# Information provided:
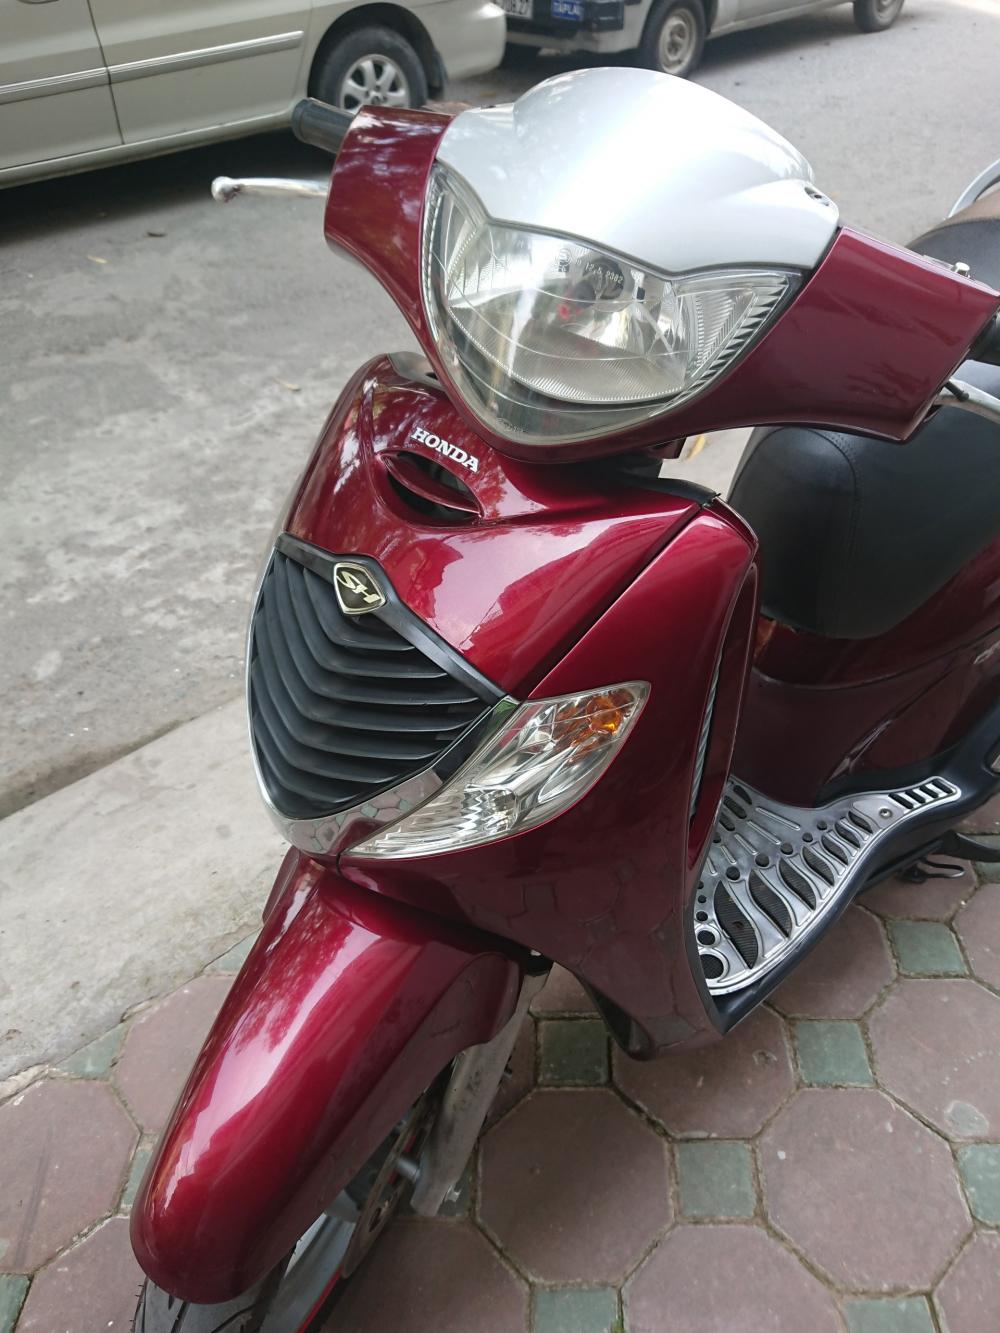 Rao ban Honda Sh 150i do man 2008 bien HN nguyen ban 57tr500 - 4
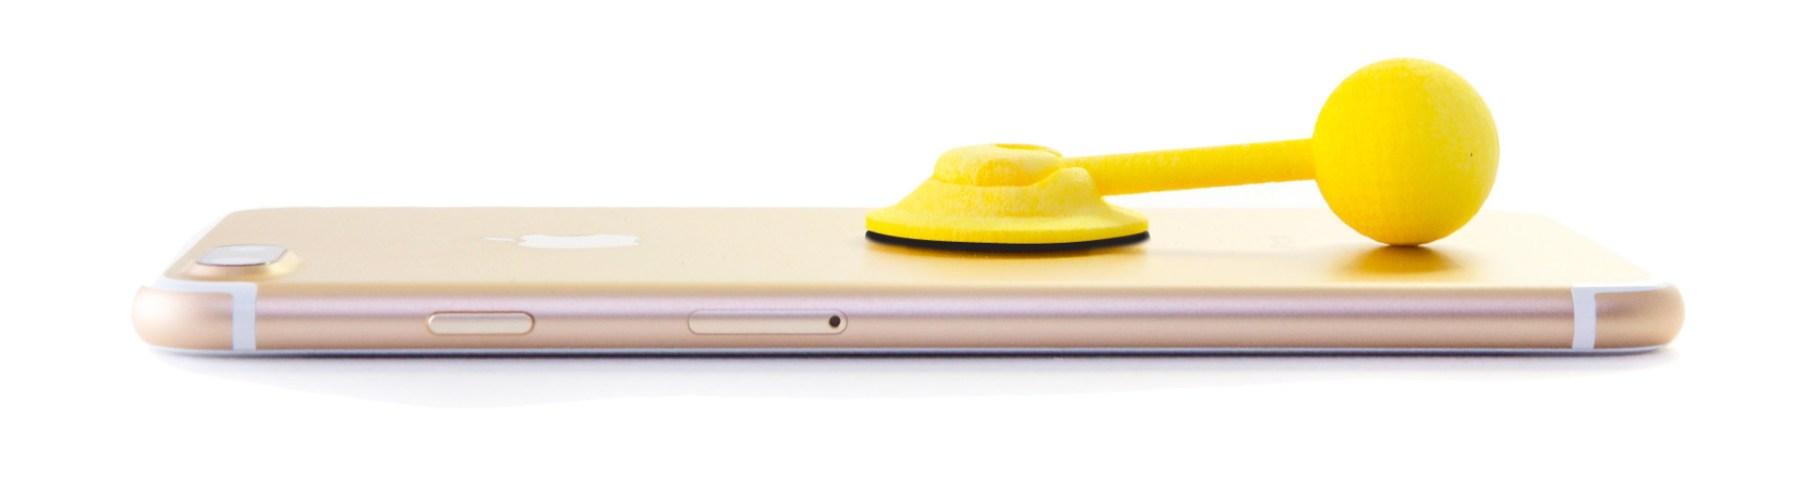 JOYSTICK-PHONE-STAND-FLAT-3
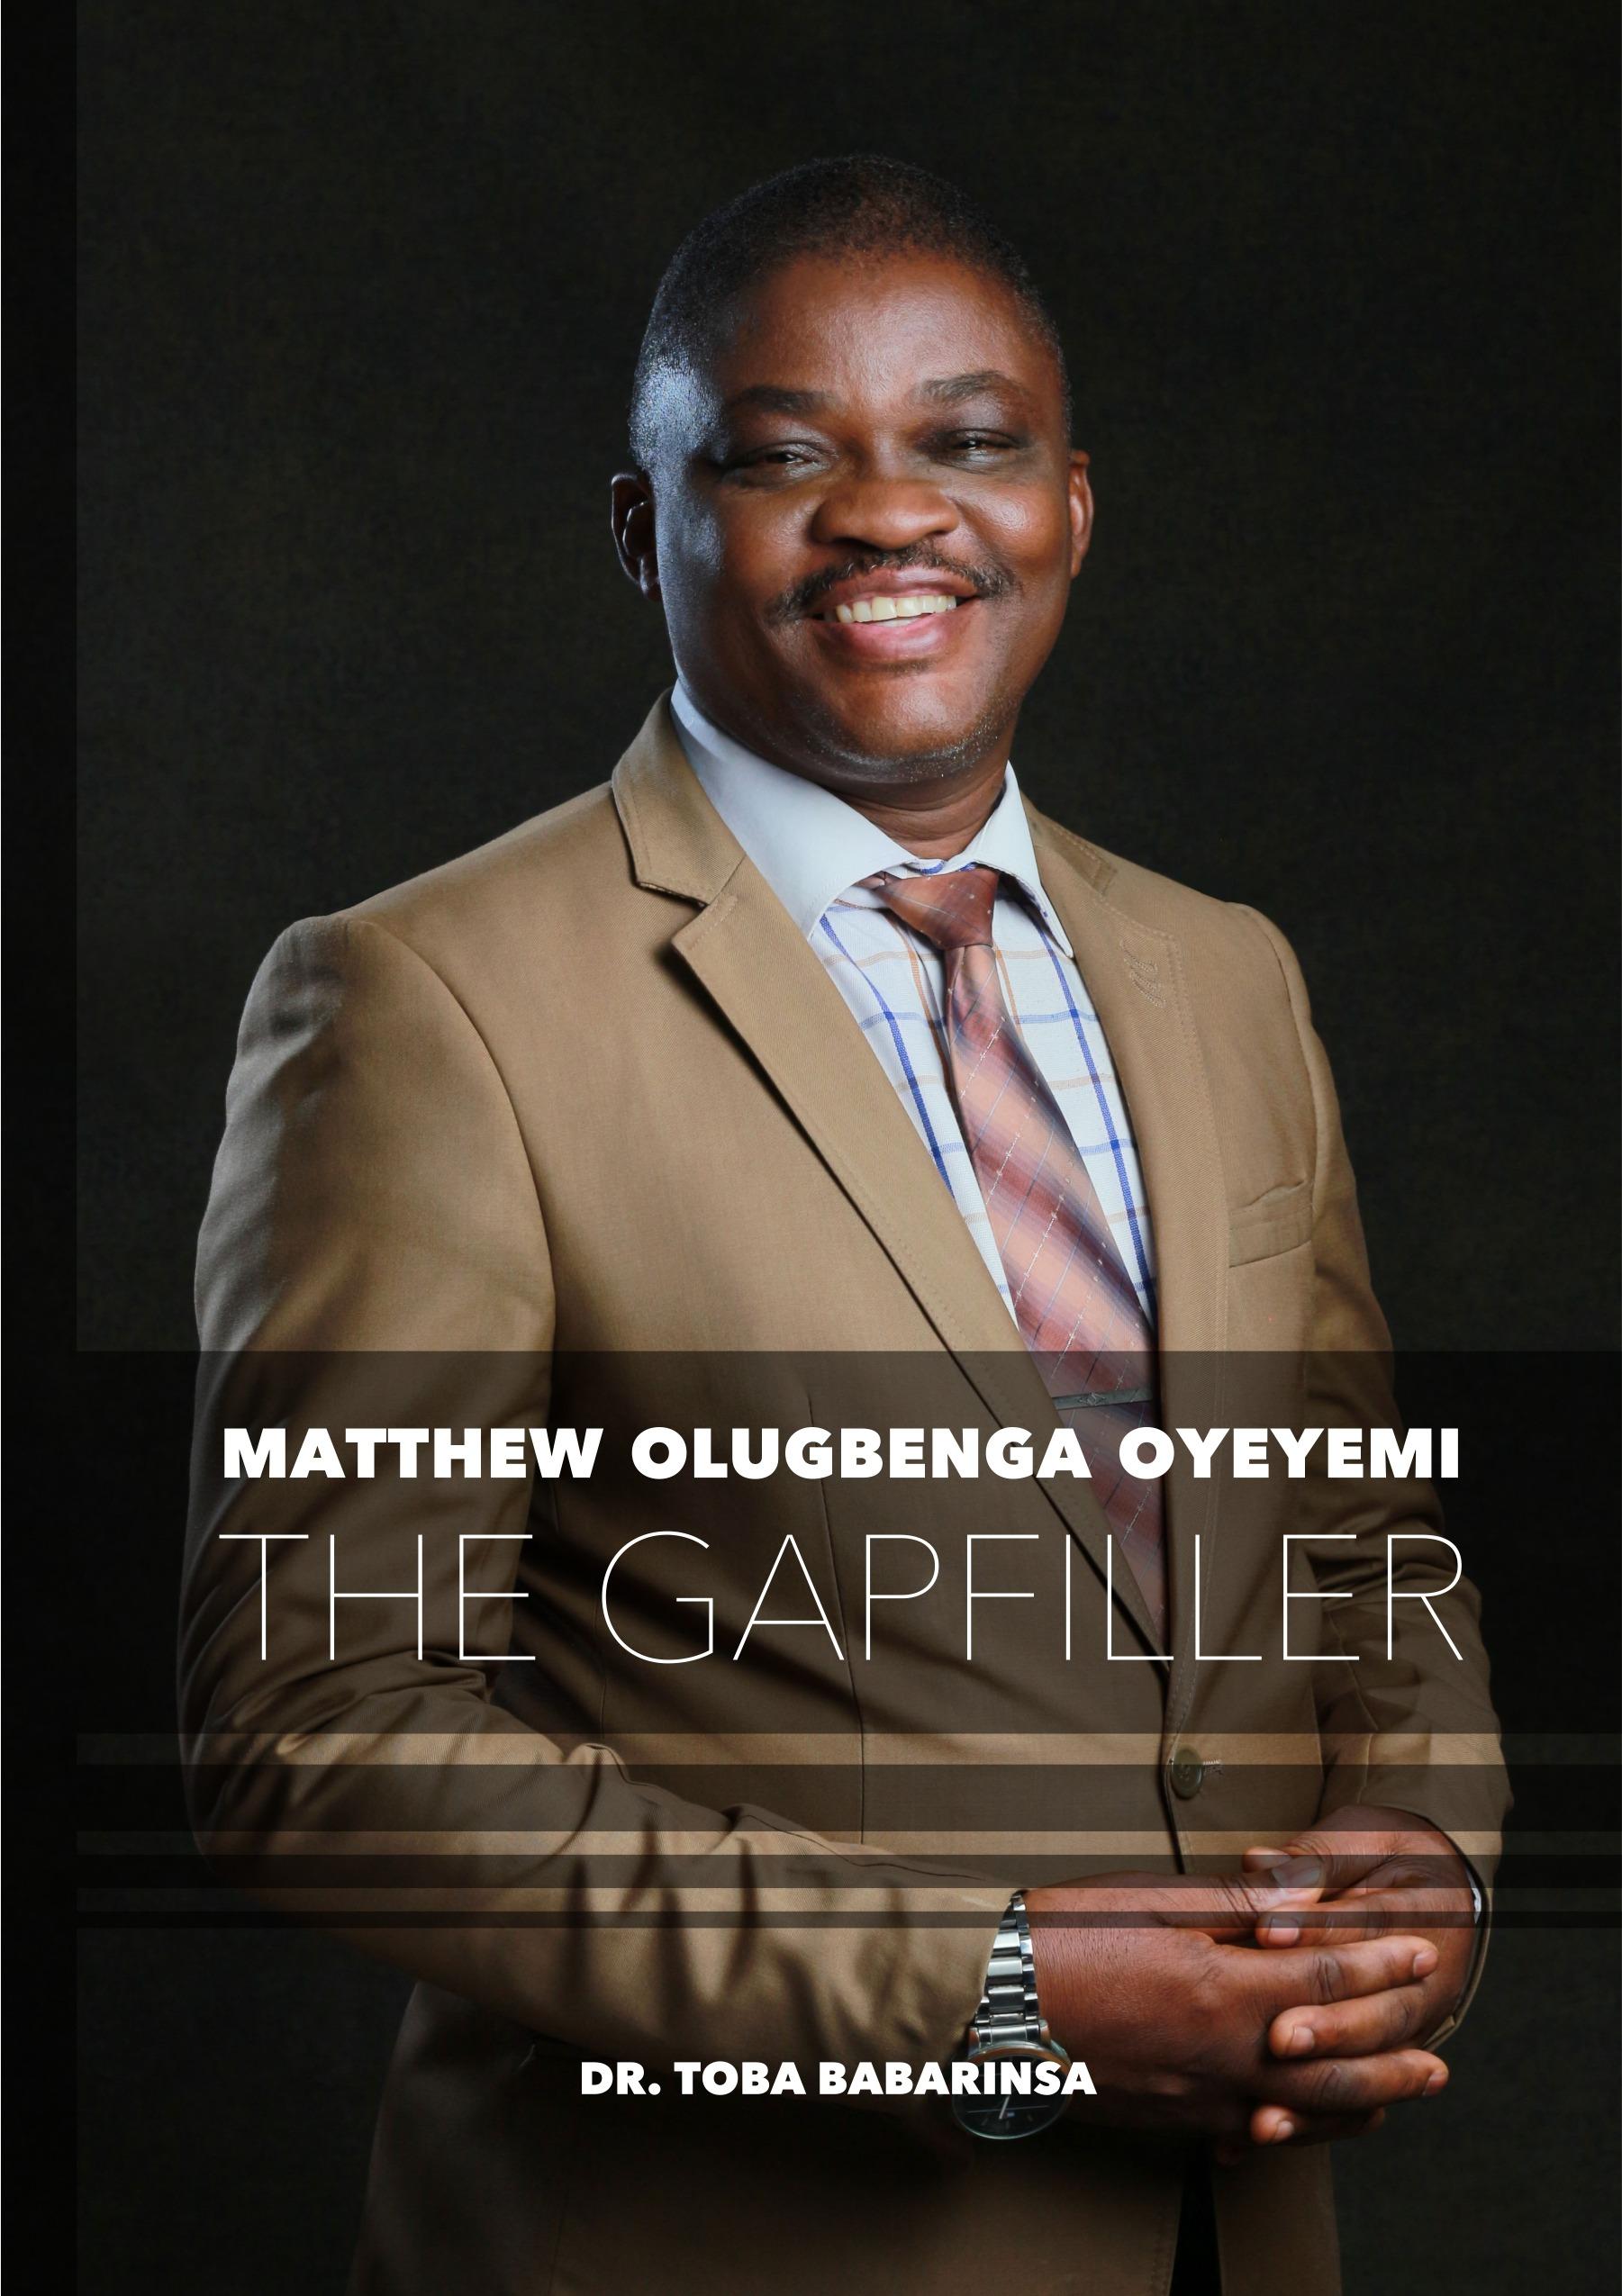 THE GAPFILLER
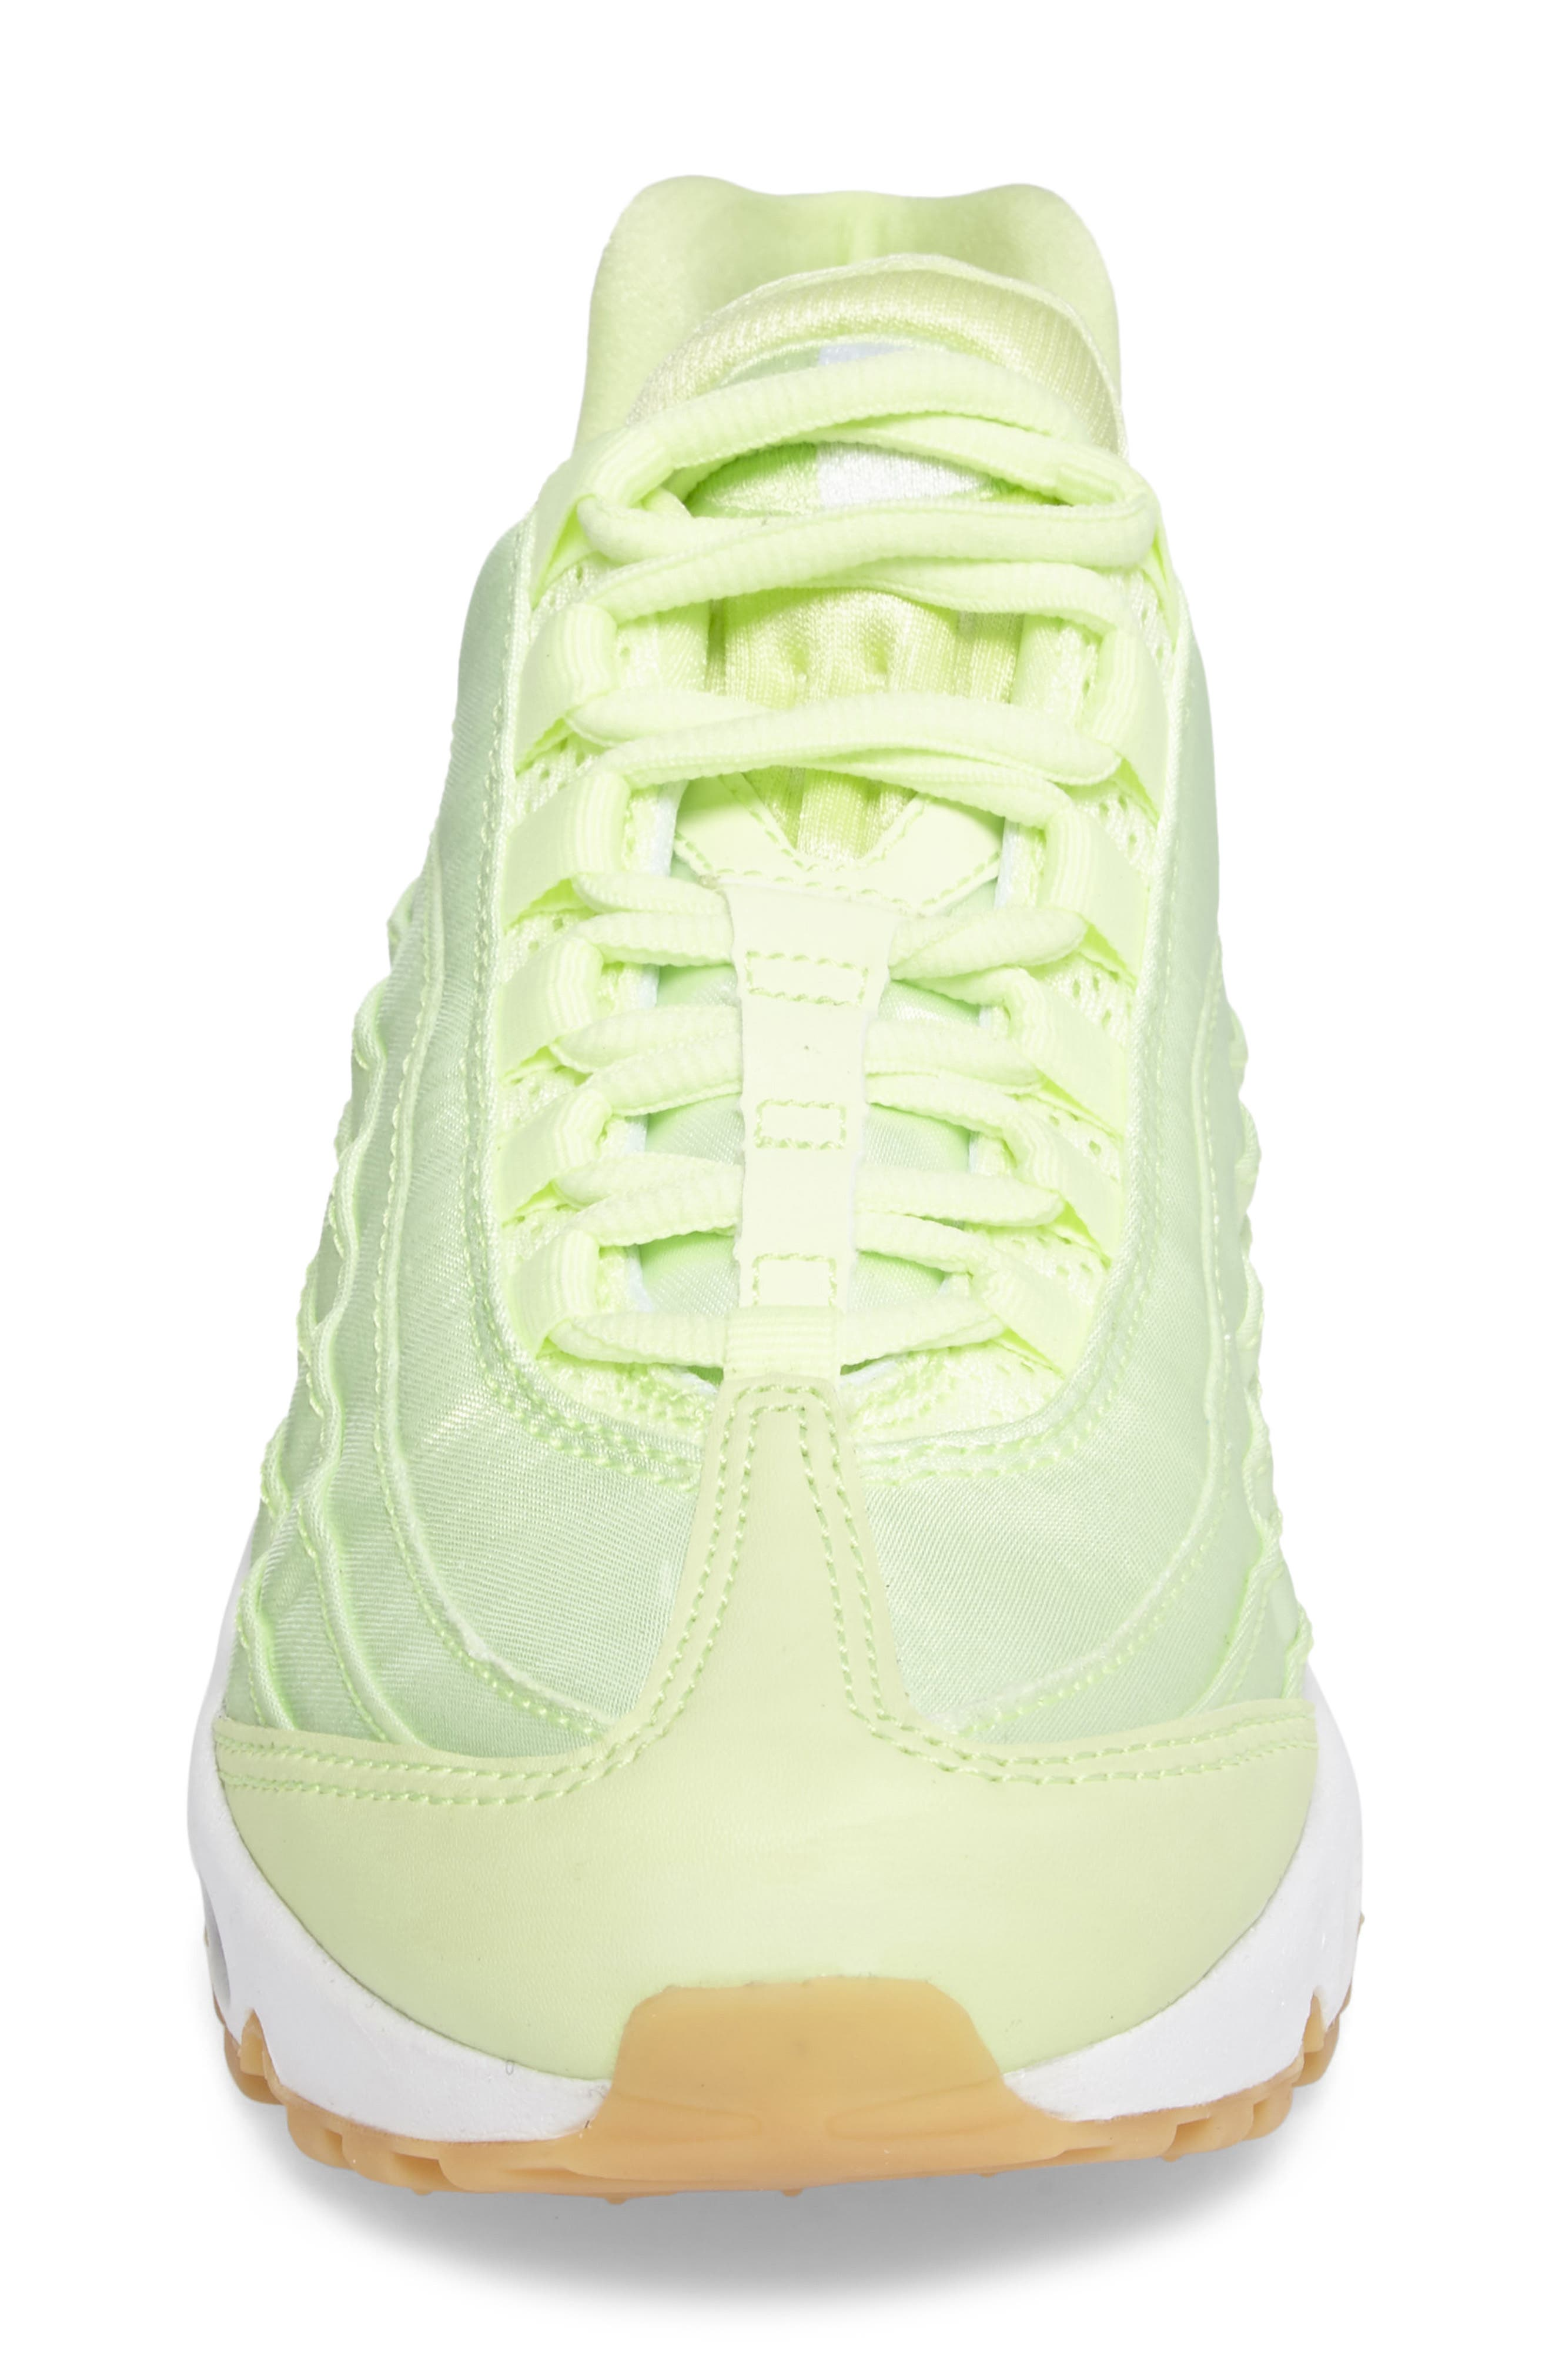 Air Max 95 QS Running Shoe,                             Alternate thumbnail 4, color,                             300

# What the exercise asks:
Give back each line above exactly, with pictures dropped.

# Answer box:
 Rao ban Honda Sh 150i do man 2008 bien HN nguyen ban 57tr500 - 4
 JOYSTICK-PHONE-STAND-FLAT-3
 THE GAPFILLER
 Air Max 95 QS Running Shoe,                             Alternate thumbnail 4, color,                             300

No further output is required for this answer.